I can imagine building a load balancer or proxy to PHP. Yes, it's probably not
the best solution, but it could be done.

------
davidcoallier
Here's a little video to show how it works :) <http://www.screenr.com/aJ3>

------
PaulHoule
Ugh, the last thing we need is to turn open source people into Windows
Weenies.

Honestly, I like ASP.NET. If you're selective about what features you use,
you're working with a language that's like Java, but a lot nicer, and a much
better standard library. If you spent a few years coding web apps in say PHP
or Ruby and you understand how real frameworks work and what's good about
'shared nothing', you'll do OK.

However, like all Microsoft products, ASP.NET is full of traps. Things that
you might think would be good because they came from a giant company, but that
will just screw you up and waste your time.

One of the most dangerous things that comes in Visual Studio is a phony web
server that starts when you hit the F5 button when you start a web app.
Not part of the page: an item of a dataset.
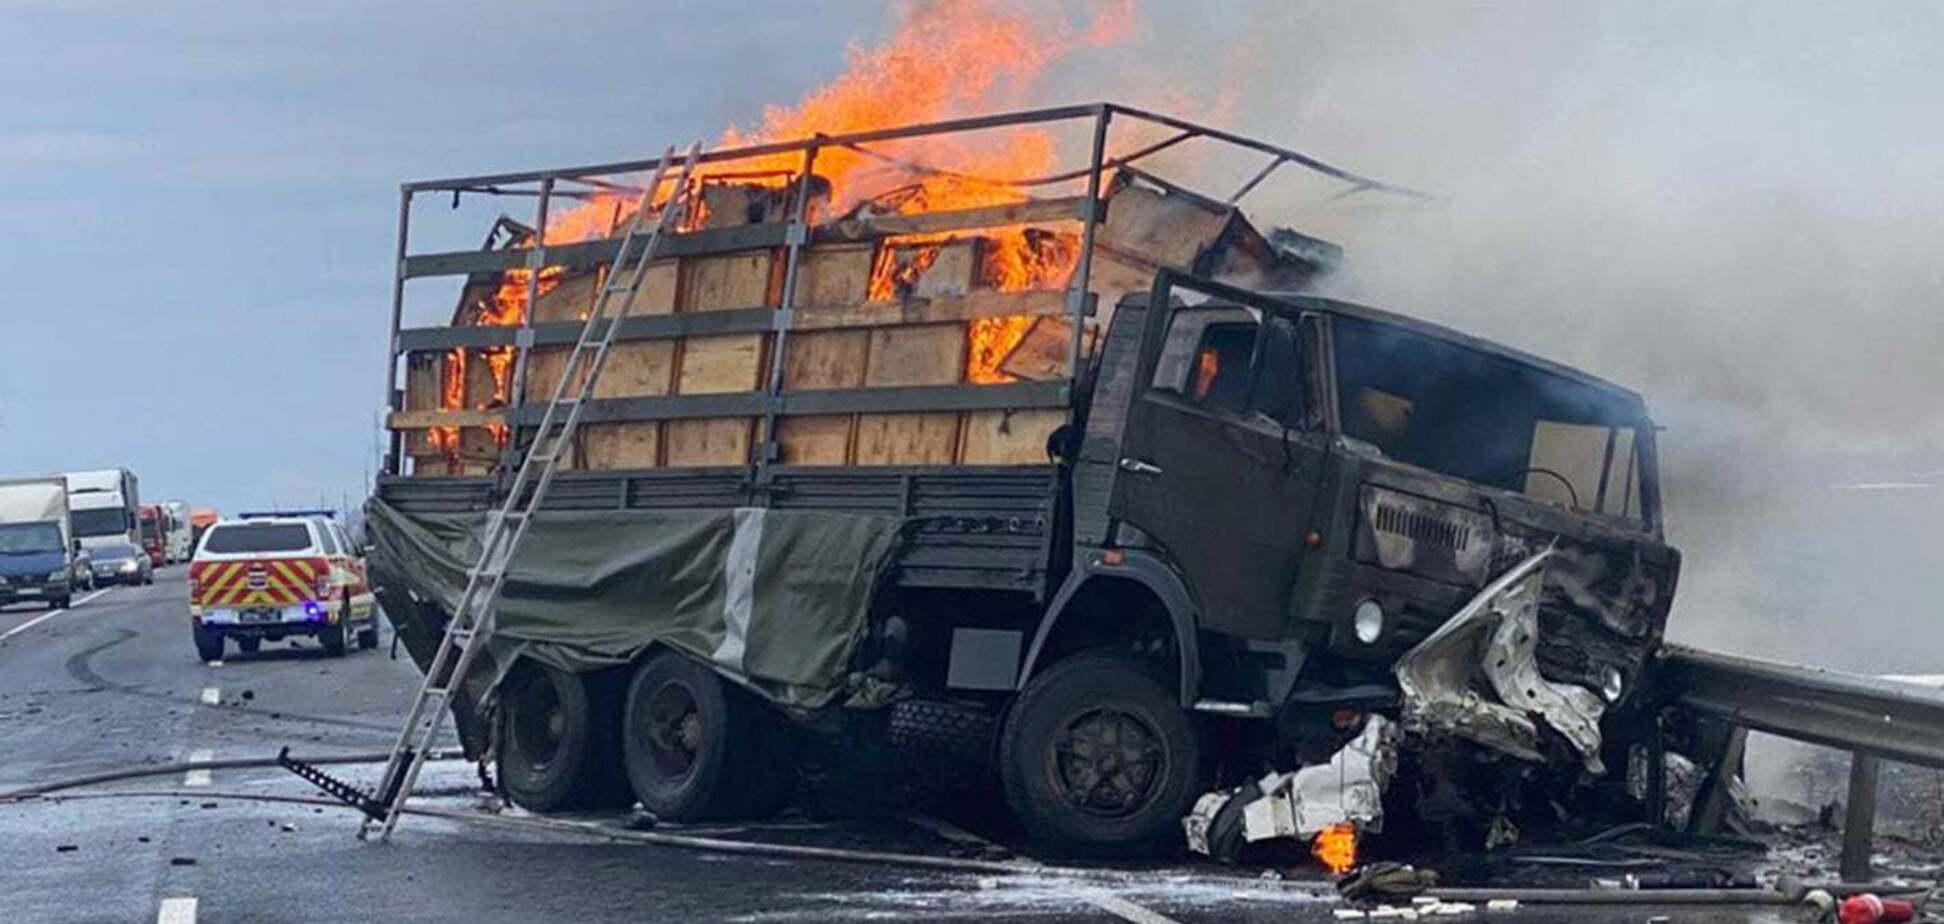 На Хмельнитчине произошло ДТП с военными: погибли три человека. Фото и видео

The
phony web server is enough like IIS that you might think that your app will
work on IIS when it's done, but in reality, it probably won't quite work --
and it can sometimes take days or weeks to fill the gap from "almost works" to
"really works"

I try to tell people that they should just install IIS (easy) and figure out
how to make the app run on real IIS from the very beginning because somebody's
going to have to do that work sooner or later.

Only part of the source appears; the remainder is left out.